YOUNG AT HEART
05.06.14 10:22 AM ET
This Is the Way You’ll Live Forever
It has long been claimed that being “young at heart” is the key to retaining your physical vigor—new evidence suggests that is true. Three studies by researchers at Stanford and Harvard suggest the age of the blood flowing through your heart could radically alter how young you feel.
The bottom line is that scientists have just recently discovered that transfusing older mice with the blood of younger mice could combat certain age-related diseases. To understand the importance of these results, it is critical to understand the background of these experiments and the questions that the researchers were looking to answer. Is there an innate, yet dormant capacity within the elderly to actually reverse their ailments if only given the right signals?

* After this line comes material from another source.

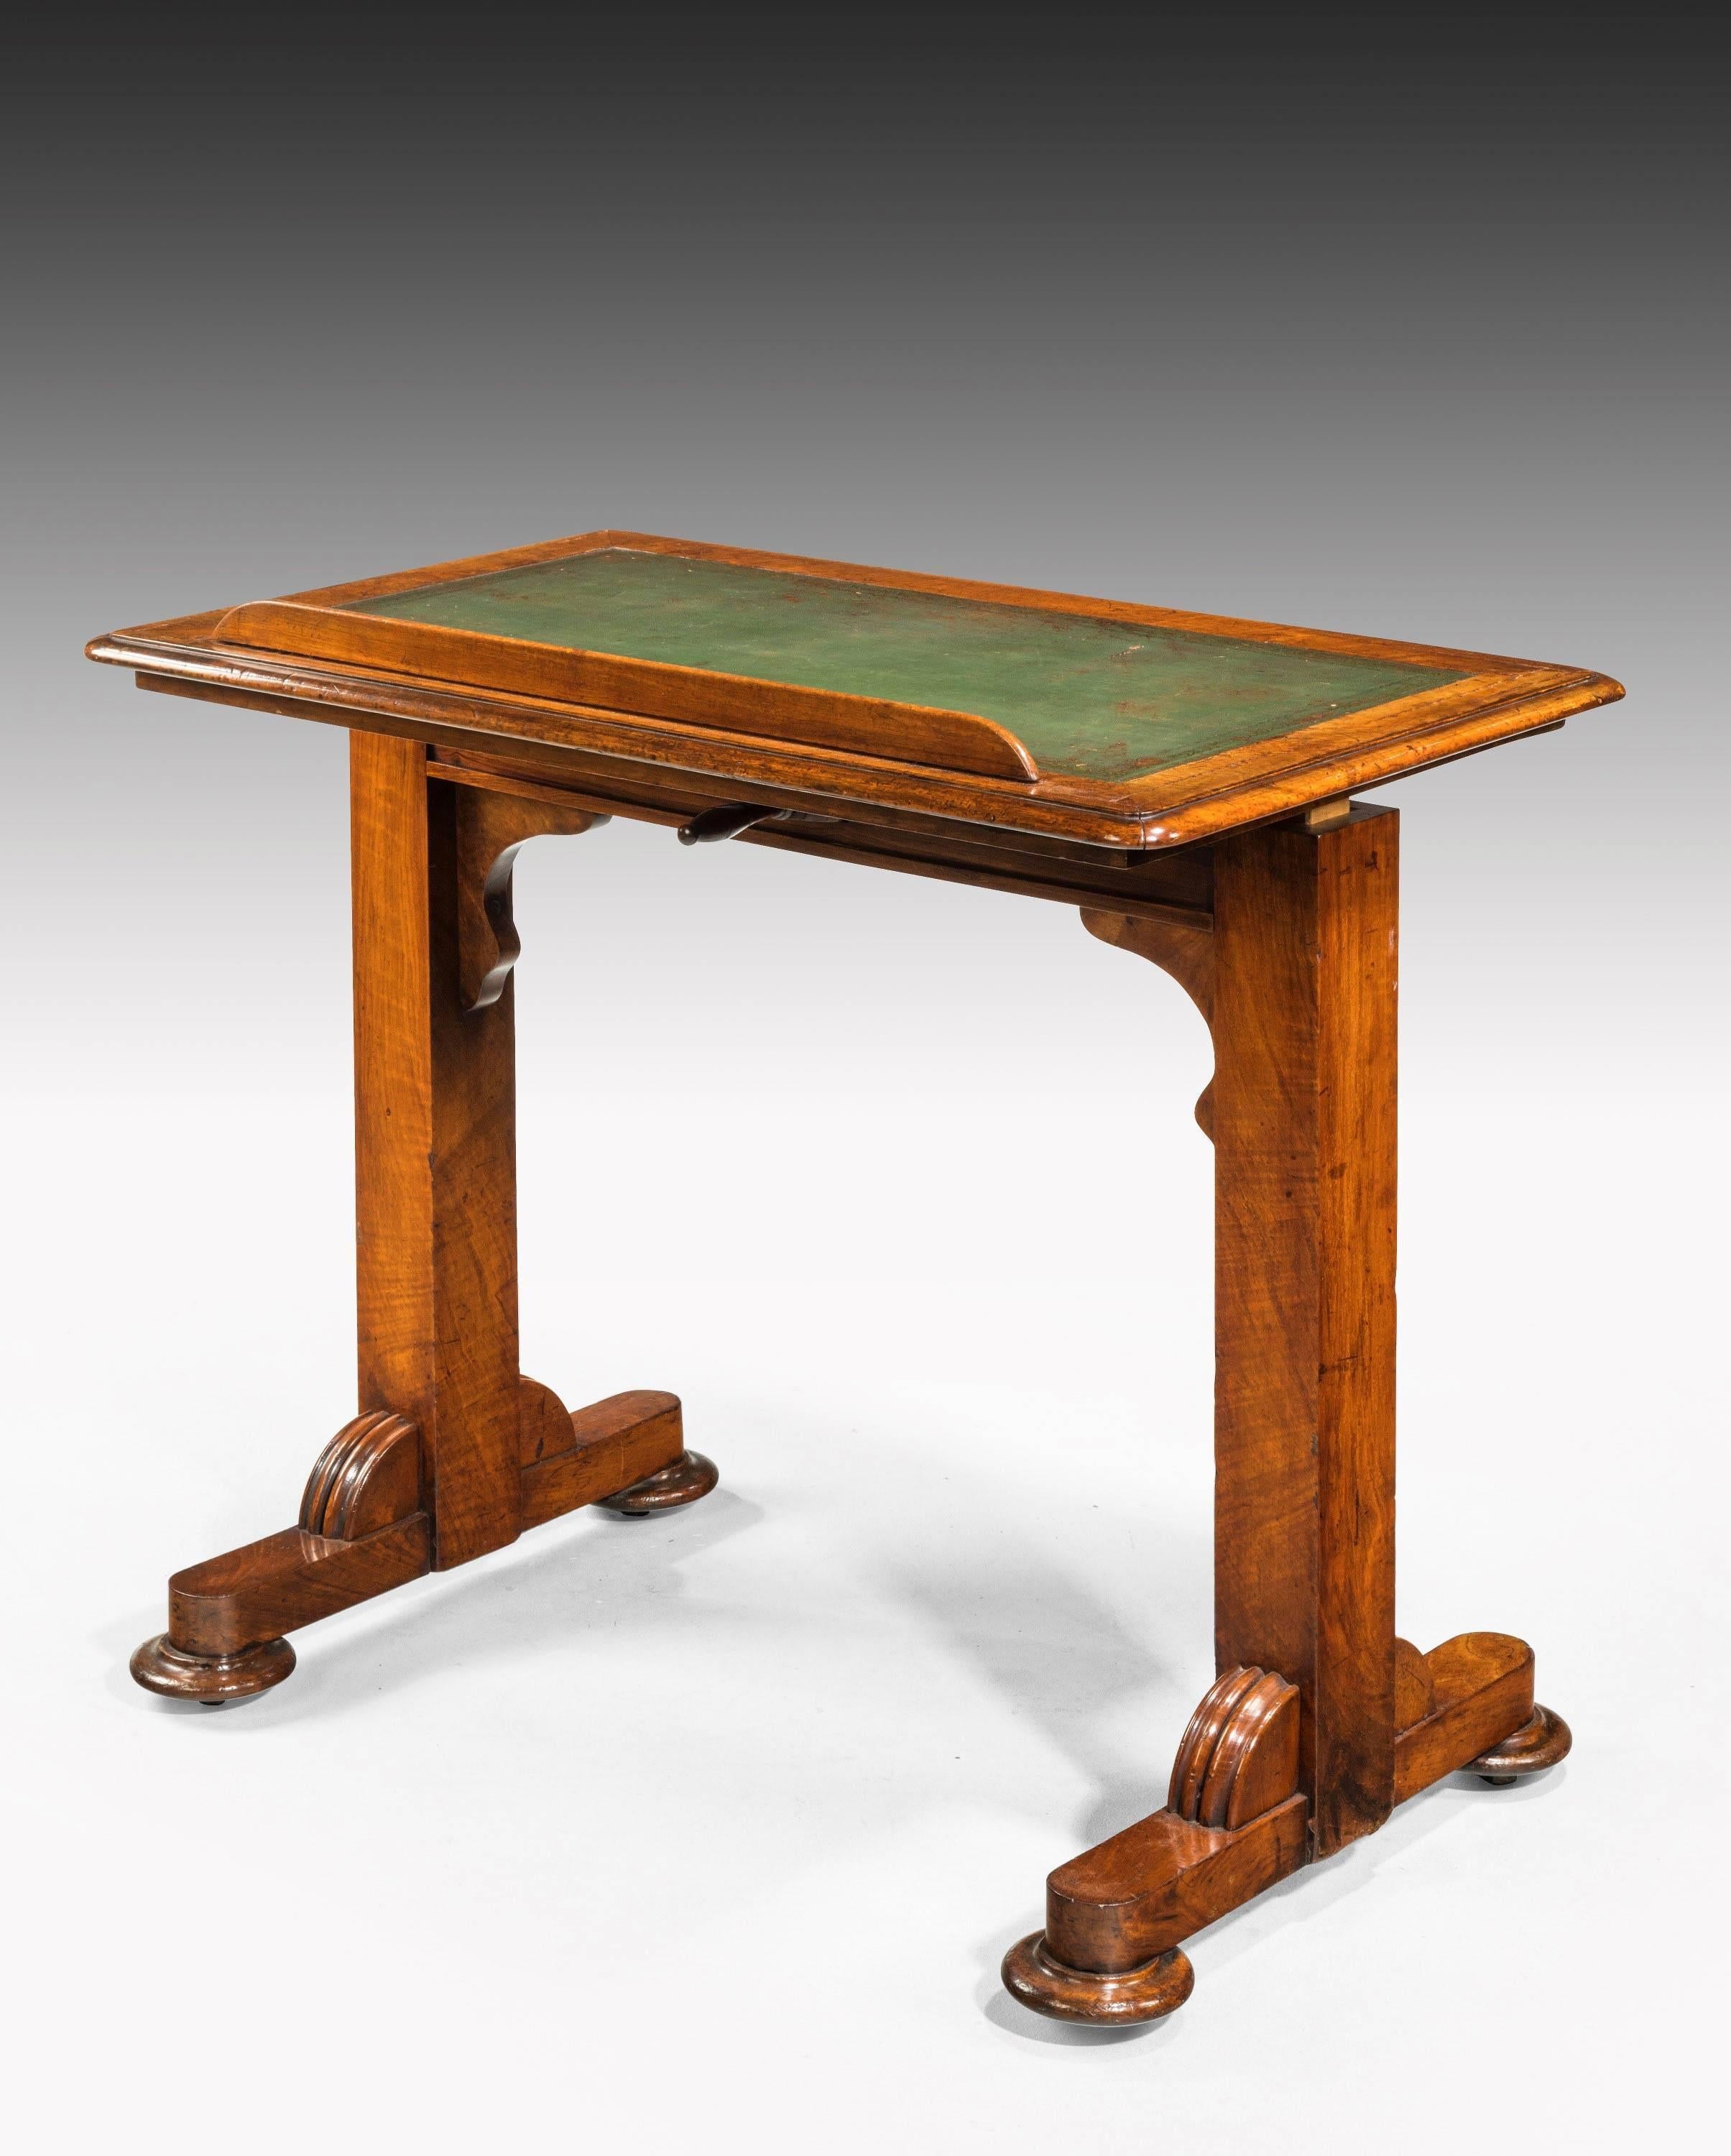 English Regency Period Mahogany Writing Table with a Sliding Height Mechanism

Stem cells. Many cells in the human body retain the ability to grow and divide, producing identical replicas of themselves. However, there are some cells, termed stem cells, that retain some ability to differentiate into a number of different types of cells. Stem cell differentiation involves a plethora of regulatory factors and signals that are in a constant state of flux. A leading hypothesis in aging is that stem cells become less effective over time—consider the extended recovery times in elderly Americans or the nagging injuries that plague older athletes. Many of us have noticed “We’re not 20 anymore.” While these slower healing times are likely multifactorial, these new findings support a significant role for stem cells in what we think of as the effect of aging.
Scientists previously demonstrated that the process of aging did not rid tissue of its stem cells. Therefore, these researchers set out to identify the signals, potentially carried in the blood, that could reinvigorate the dormant stem cells of elderly mice. In other words, maybe the hardware was in place, but the software was not taking advantage of it. These studies began with a technique called parabiosis, which involves stitching the flanks of two mice together so that blood vessels of the two mice grow together and eventually give rise to a shared circulatory system. Evidence from a number of studies pointed to a protein called GDF11. Researchers found much more GDF11 in young mice blood and determined that treatment with this protein alone recapitulated some of the effects of the transfusions.

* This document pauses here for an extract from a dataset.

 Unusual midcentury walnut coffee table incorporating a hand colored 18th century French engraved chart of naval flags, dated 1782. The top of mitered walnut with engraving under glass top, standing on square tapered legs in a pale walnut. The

Scientists demonstrated the benefits of these “young blood infusions” in reversing aging effects in three different body systems. In muscles, young blood revived strength and endurance in old mice. In the heart, it reversed age-induced cardiac hypertrophy (enlargement of the heart). Recent findings now point to rejuvenating effects in the brain.
An initial study, by Villeda et al., noted that young blood increased the activity of neural stem cells, which gave rise to new neurons in the hippocampus, the area of the brain responsible for memory consolidation and spatial navigation. The authors followed that initial finding with a more detailed investigation. After injection of whole, young blood into elderly mice, they found changes in gene expression indicating changes in synaptic plasticity (changes in the communication between neurons), differences in the structure of neurons themselves, and even measurable cognitive improvement in the treated mice. The old mice with young blood injections could better navigate mazes and remember fear memories when compared to control animals.

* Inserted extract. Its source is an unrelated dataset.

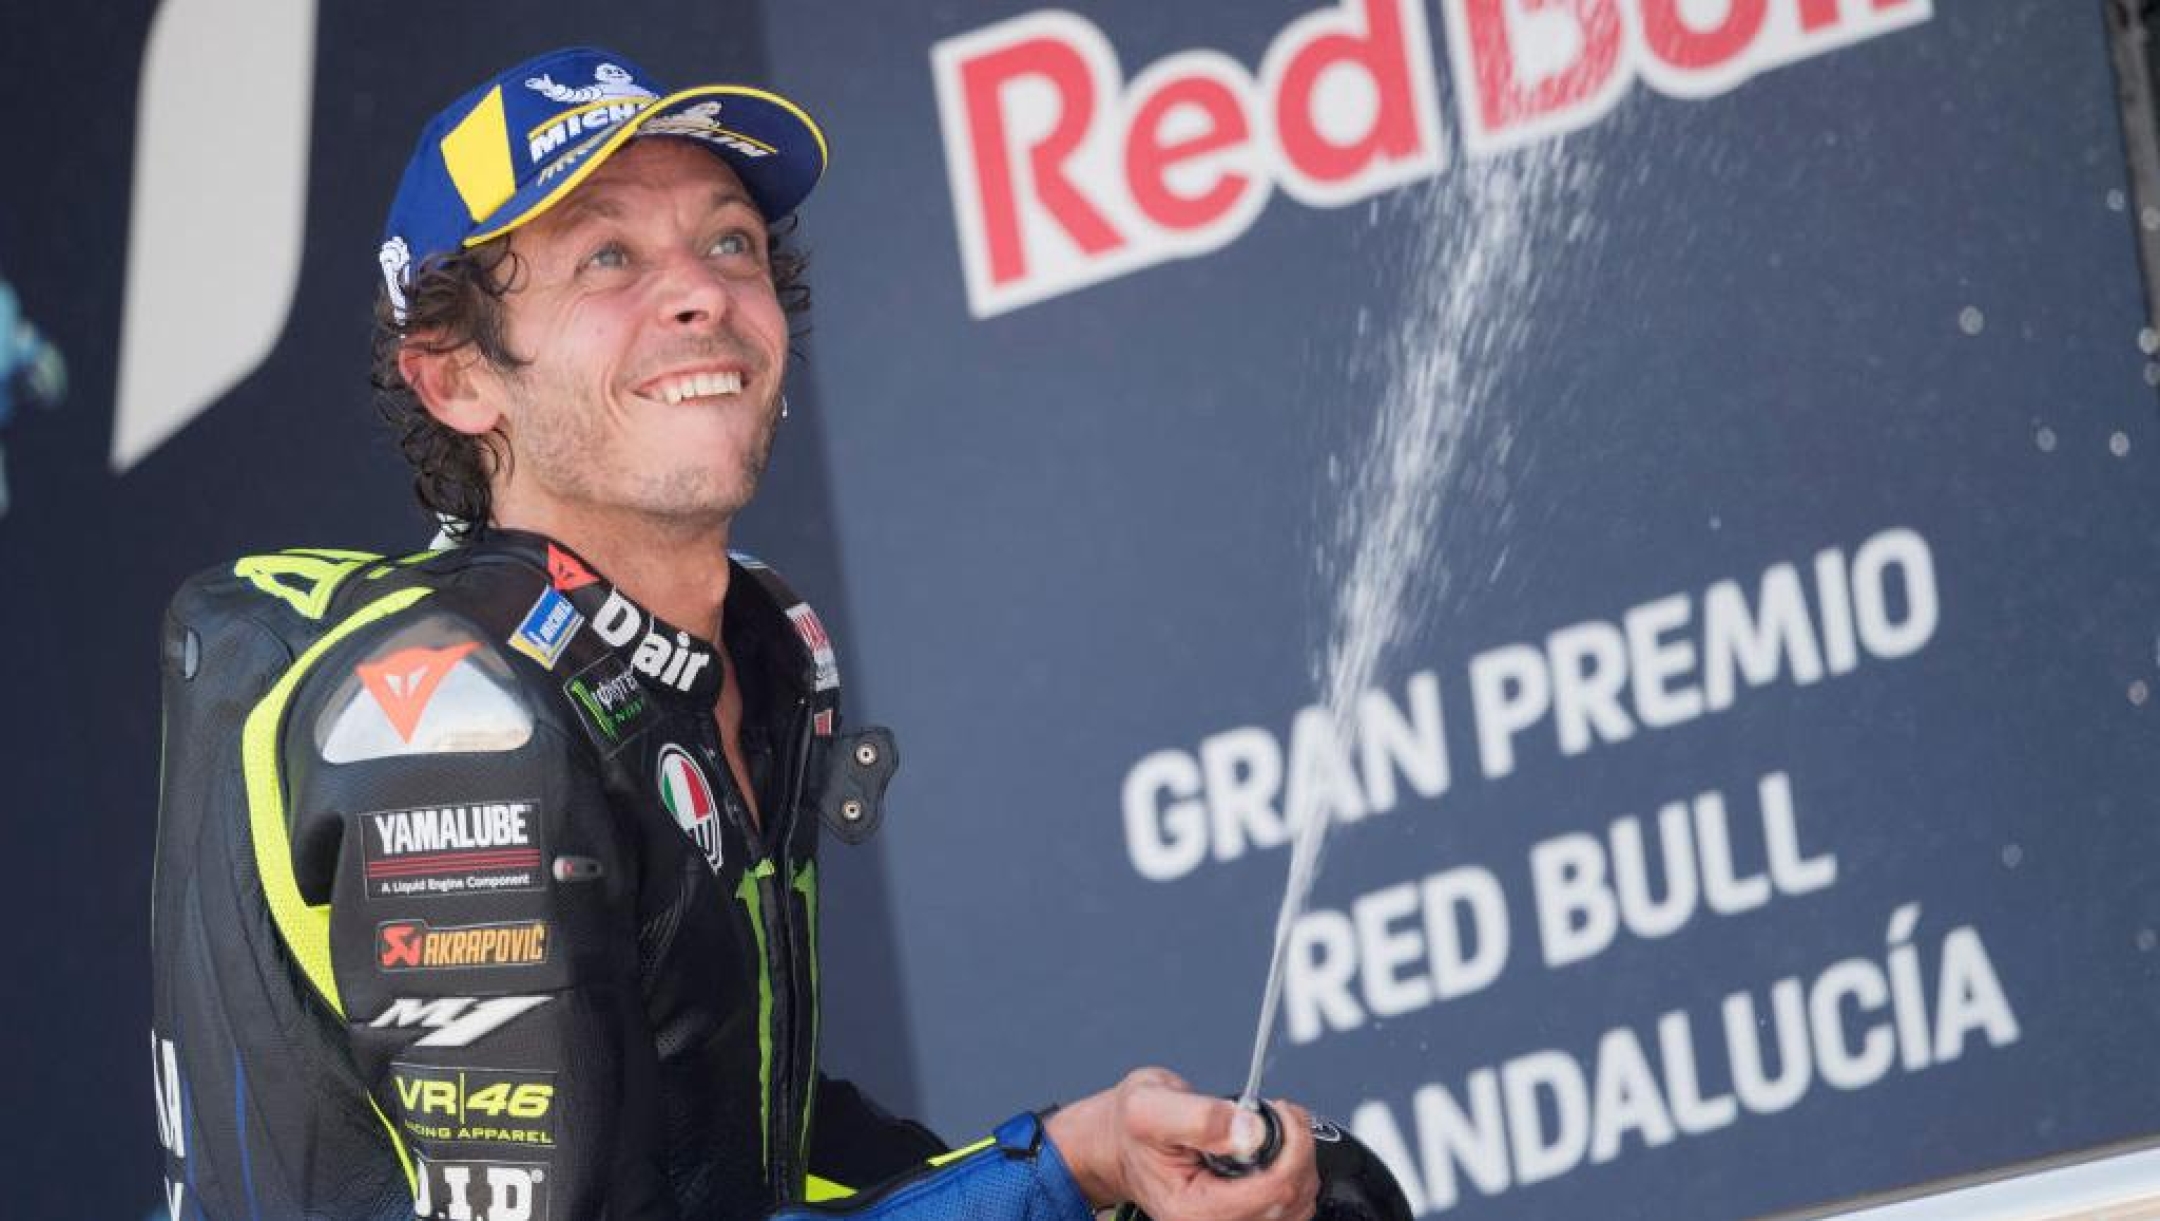 JEREZ DE LA FRONTERA, SPAIN - JULY 26: Valentino Rossi of Italy and Monster Energy Yamaha MotoGP Team celebrates the third place on the podium during the MotoGP race during the MotoGP of Andalucia - Race at Circuito de Jerez on July 26, 2020 in Jerez de la Frontera, Spain. (Photo by Mirco Lazzari gp/Getty Images)

These remarkable findings hold potential in the study of various musculoskeletal, cardiac, and cognitive challenges posed by aging. However, waking up dormant stem cells requires caution.
These studies should serve as evidence of the critical value of biomedical research and of the wealth of knowledge that remains unexplored. Stem cell biology may very well hold the answers to aging, along with a host of other medical challenges such as cancer, traumatic brain injury, stroke, and even wound healing.
A note of caution must be sounded, however. Stem cells usually give rise to new cells under strict regulatory processes within the body. When those regulatory signals are modified, as in the case of GDF11 in these studies, unwanted proliferation can occur. This unwanted cell replication is more commonly known as cancer.